We then determined the weighted average stage of completion for IPR&D projects was approximately 60% for U.S. commercialization of the PowerLink System and 33% for the development and commercialization of the larger size of the PowerLink System as of merger date. The cash flows from revenues forecasted in each period are reduced by related expenses, capital expenditures, the cost of working capital, and an assigned contribution to the core technologies serving as a foundation for the research and development. The discount rates applied to the individual technology’s net cash flows were 40%, based upon the level of risk associated with a particular technology and the current return on investment requirements of the market.

The amount of merger consideration allocated to IPR&D was then determined by estimating the stage of completion of each IPR&D project at the date of the merger, estimating the cash flows for the future research and development, clinical trials and release of products employing these technologies, all as described above, and discounting the net cash flows to their present values. As a result of the foregoing determinations, we expensed the portion of the purchase price allocated to IPR&D of $4,501 during the year ended December 31, 2002.
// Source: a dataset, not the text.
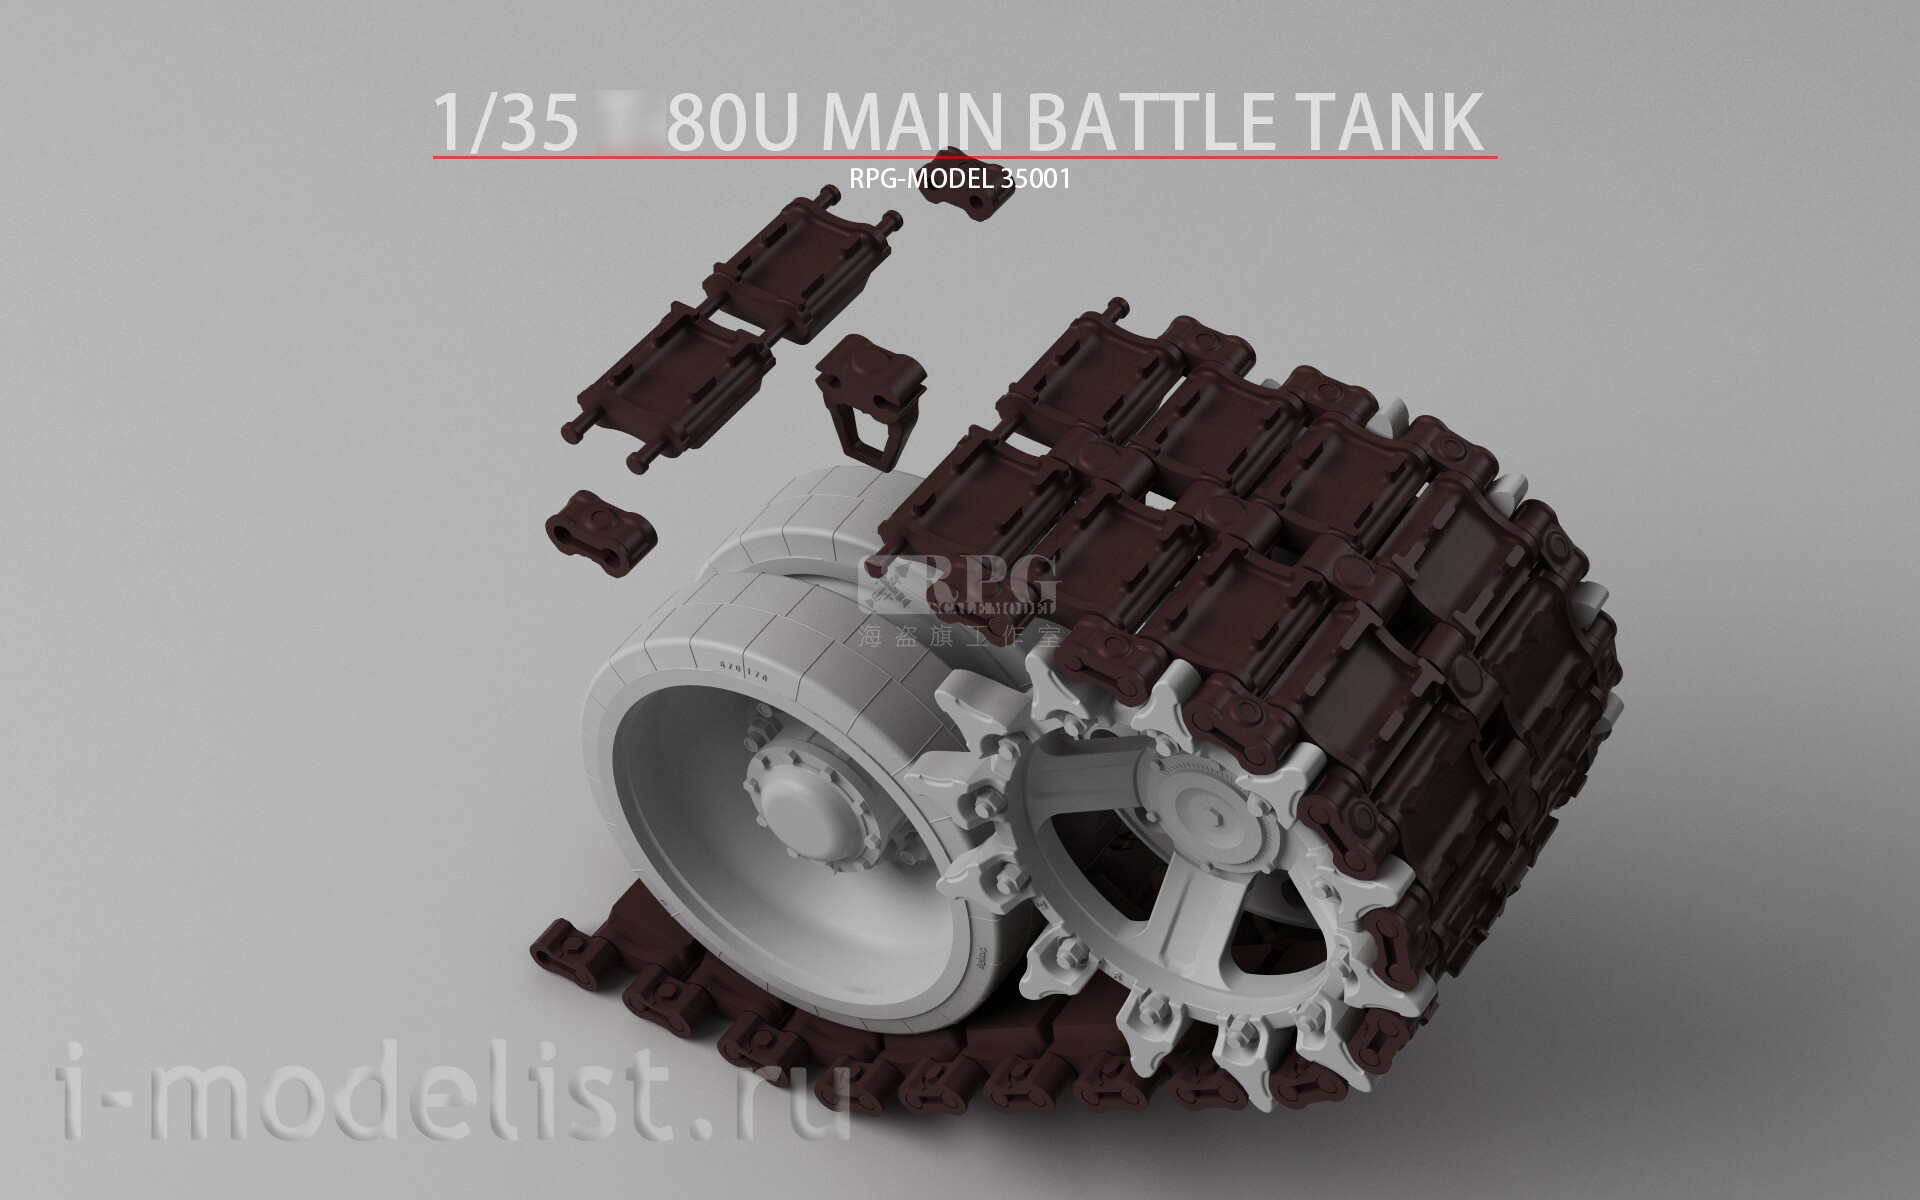 35001 RPG 1/35 Танк тип 80U

We also determined the fair value of developed technology at the merger date to be $14,050, which represents the acquired, aggregate fair value of individually identified technologies that were fully developed at the time of the merger. As with the IPR&D, the developed technology was valued using the income approach and a discount rate of 30%, in context of the business enterprise value of the former Endologix. We determined a value of $2,708 for trademarks and tradenames based upon the estimated royalty that would have to be paid for the right to use these assets if they had not been acquired by us, and a discount rate of 35%. The residual amount of $3,602 was allocated to goodwill. Through September 30, 2003, actual results did not materially differ from the estimates and assumptions used in the valuation. However, failure to achieve projected results will adversely affect our future operating results and financial condition and may result in a write-down or write-off of intangible assets acquired in the merger. The trademarks and trade names have an indefinite life and the developed technology is being amortized over ten years. See Note 8 to the unaudited Condensed Consolidated Financial Statements for further description of the accounting for the merger.

Results of Operations

Comparison of the Three Months Ended September 30, 2003 and 2002

     Product Revenue. Product revenue decreased 26% to $285,000 in the three months ended September 30, 2003 from $387,000 in the three months ended September 30, 2002. Product revenue decreased due to lower U.S. clinical sales by $226,000, as the enrollment for the infrarenal arm of the clinical study was completed earlier in 2003 and enrollment in the suprarenal arm of the PowerLink clinical study has been delayed until the meeting of our data safety monitoring board in November 2003. This reduction was partially offset by higher sales in Europe and South America.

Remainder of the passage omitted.